I think some of them are pretty important. My top two are:
https://github.com/citation-style-language/schema/issues/36
https://github.com/citation-style-language/schema/issues/94

The first one is pretty major, but I’d really like to see 94 in one of
the smaller releases.

I’m actually hoping that we might be able to come up with a consistent
solution that addresses both custom fields, custom locator labels
(https://github.com/citation-style-language/schema/issues/94), and
custom identifiers
(https://github.com/citation-style-language/schema/issues/33).

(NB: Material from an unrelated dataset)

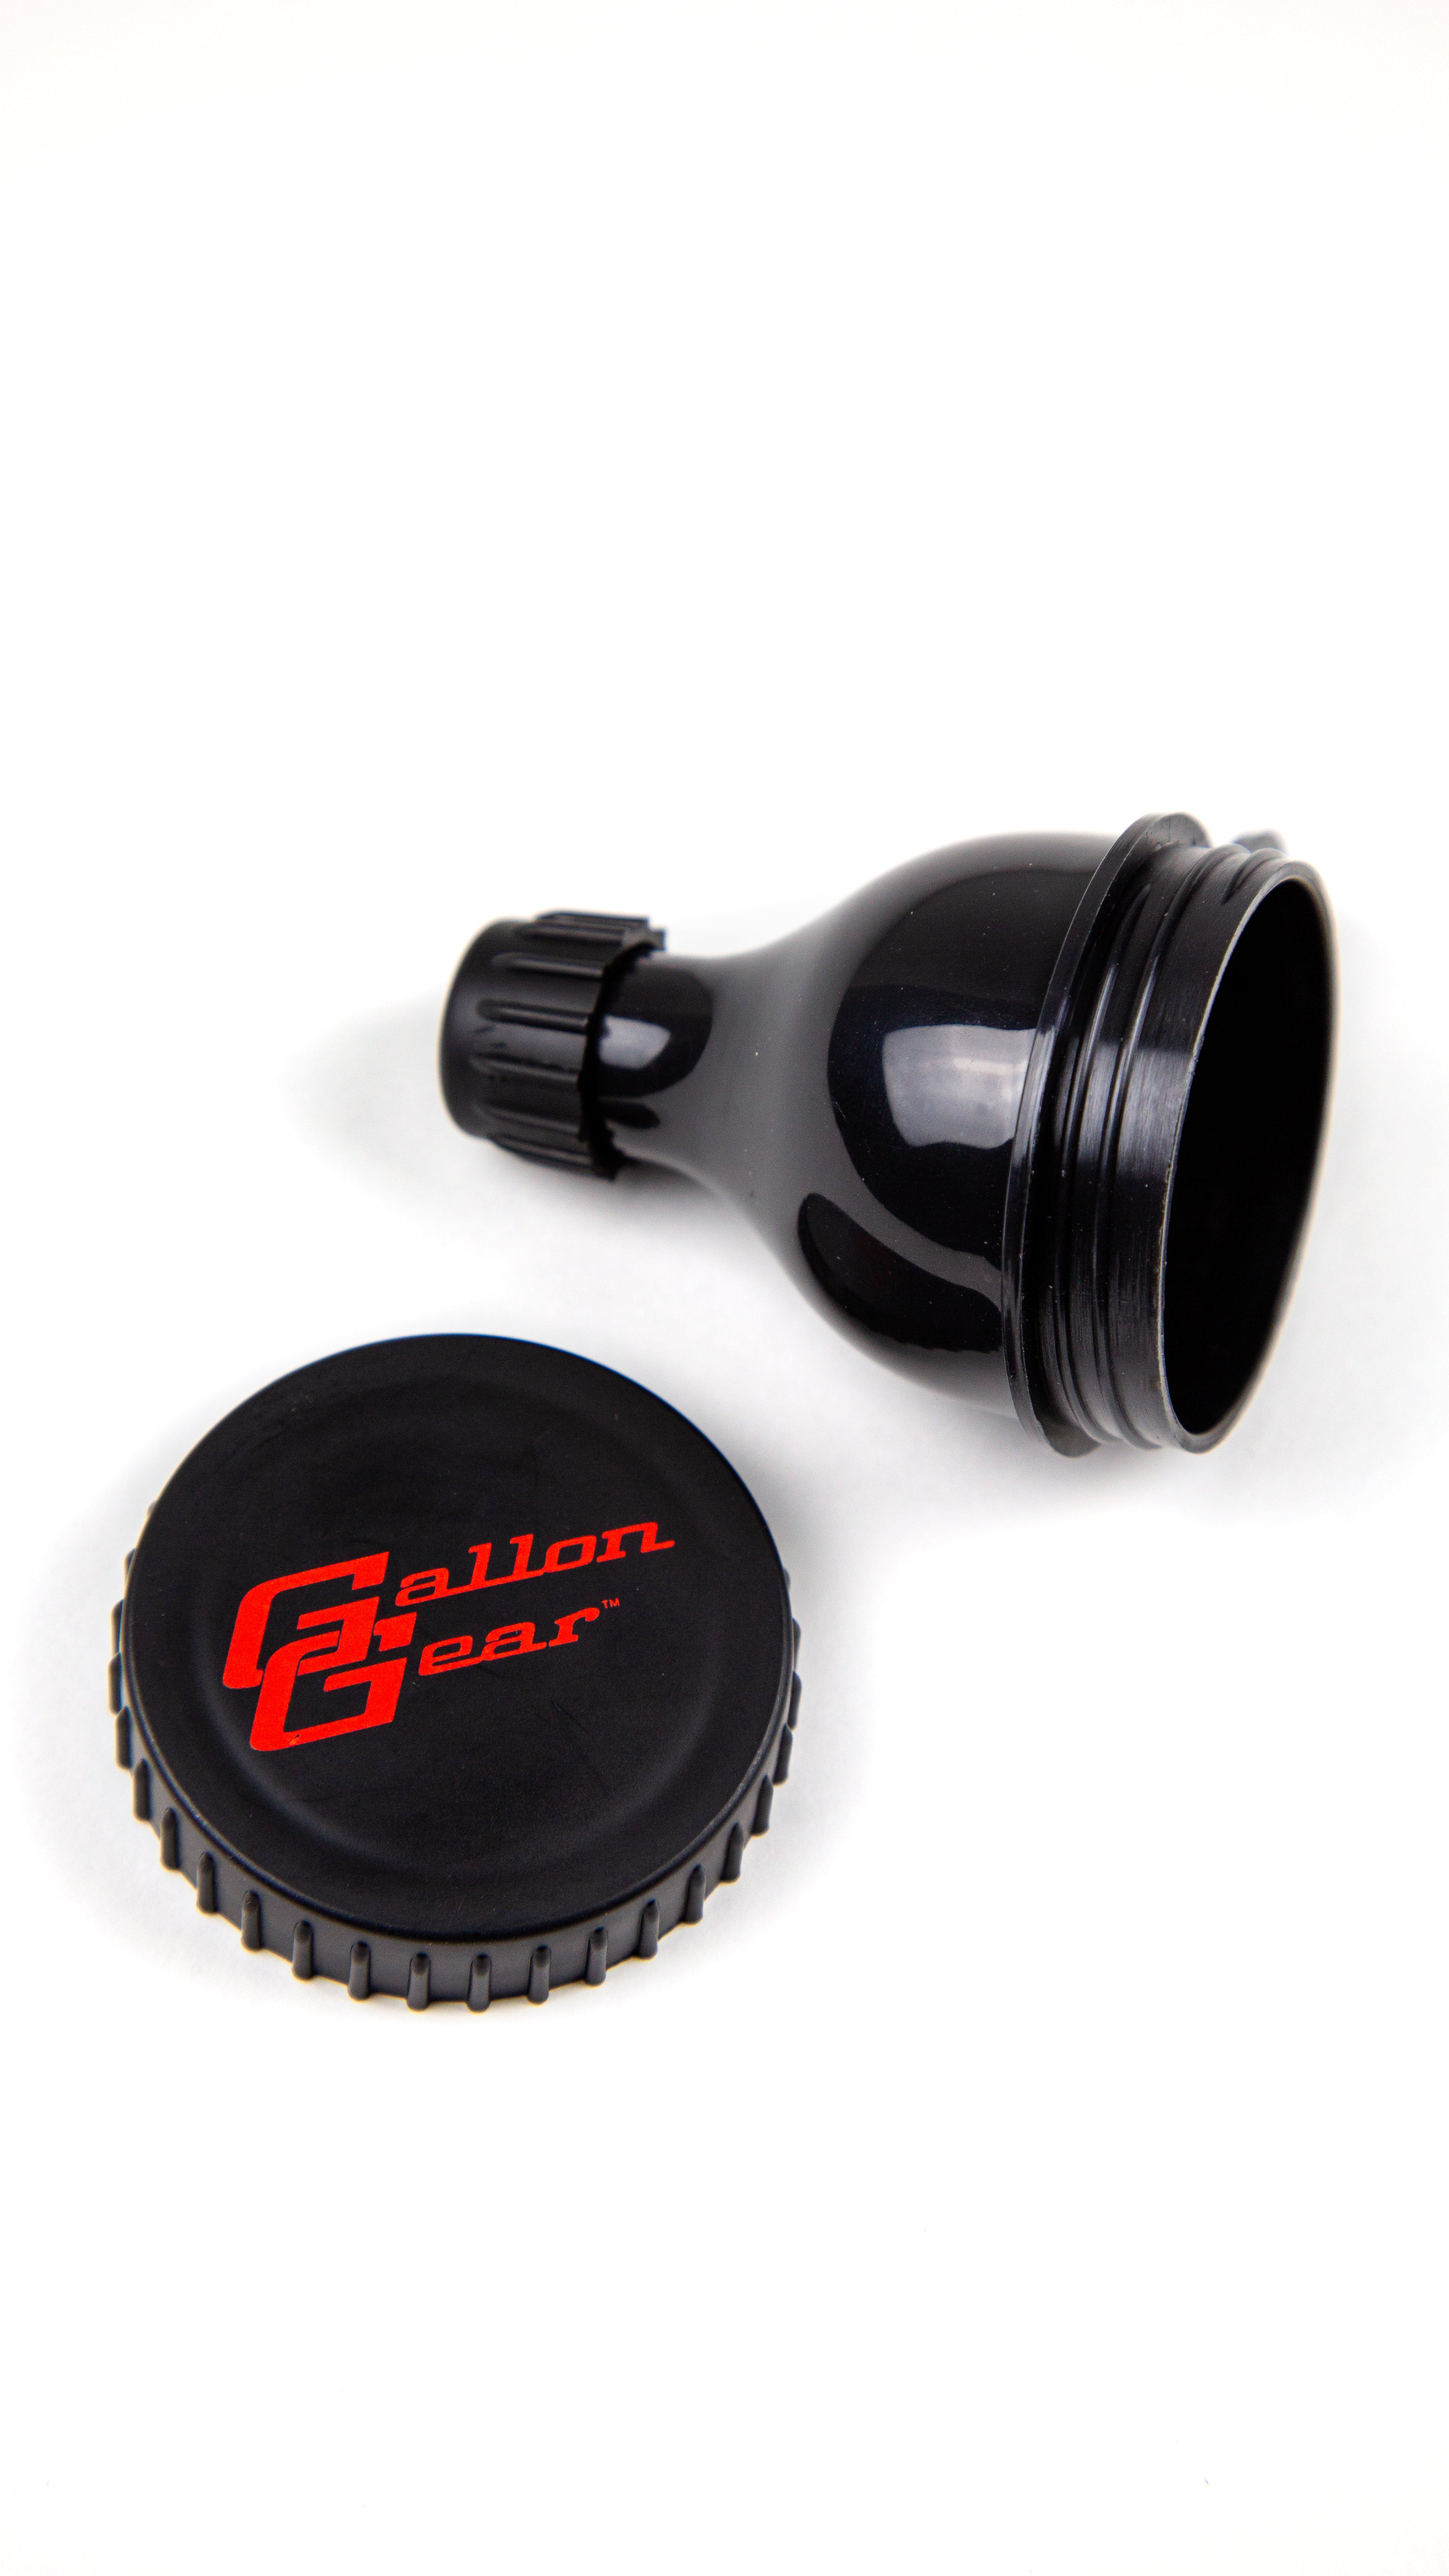 Black and Red Gallon Gear Supplement Funnel

A recent thought of mine was to create some sort of distinct
name-space for custom variables, e.g.:

That way you would have complete freedom to define custom variable
names, and there wouldn’t be conflicts with the ‘core’ set of official
CSL variables.

Regardless of the particular solution chosen, it might help if we make
a fresh start with the entire discussion. I think nobody will dispute
the usefulness of having custom fields, but I’m very keen to learn, in
the precisest terms possible, what implications Bruce, Dan, Simon, and
others foresee when it comes to custom variables (e.g. with regards to
syncing). That would help me understand what the considerations should
be when thinking of solutions. (a pointer would suffice as well, if
this already has been discussed)

Rintze

To stress my point on the need to discuss this in detail, I think that
the representation of custom fields in CSL styles isn’t nearly as
problematic an issue as coming to agreement regarding surrounding
issues like syncing (where I’m not an expert) and metadata storage.

Rintze

  • field assignments (which item type should, or shouldn’t, have
    which fields). Aurimas prepared a map for Zotero:
    http://aurimasv.github.com/z2csl/typeMap.xml . It would be great if we
    could standardize the fields exposed to the CSL processors among the
    different reference managers (on a per item type basis). My hope is
    that we can clean up Zotero’s metadata model in the coming year
    (tickets as compiled by the Zotero user community can be found at
    https://github.com/ajlyon/zotero-bits/issues ), and offer the result
    as a guideline for other reference managers.
    This is, imho, really the top priority - with different fields/item
    we’ll get inconsistent outputs - cf. e.g. publishers for journals.
    Happy to help work on this.

The ball for this is really in the court of the Zotero team, though. I
don’t think you, me, Avram, Grégoire (Gracile) and others can do much
more prep work for Simon and Dan, and I’m pretty sure we’re all
available to give input once they start work on it. But it seems to be
a few months out at least (post-November).

  • There are still quite a few open CSL tickets (
    https://github.com/citation-style-language/schema/issues ). Some have
    solutions that require a backwards incompatible release (i.e. CSL 1.1)
    and style upgrades, while other tickets have stalled due to the
    absence of good ideas or due to disagreement. I don’t expect too much
    progress here, unless people step in and reboot the discussions.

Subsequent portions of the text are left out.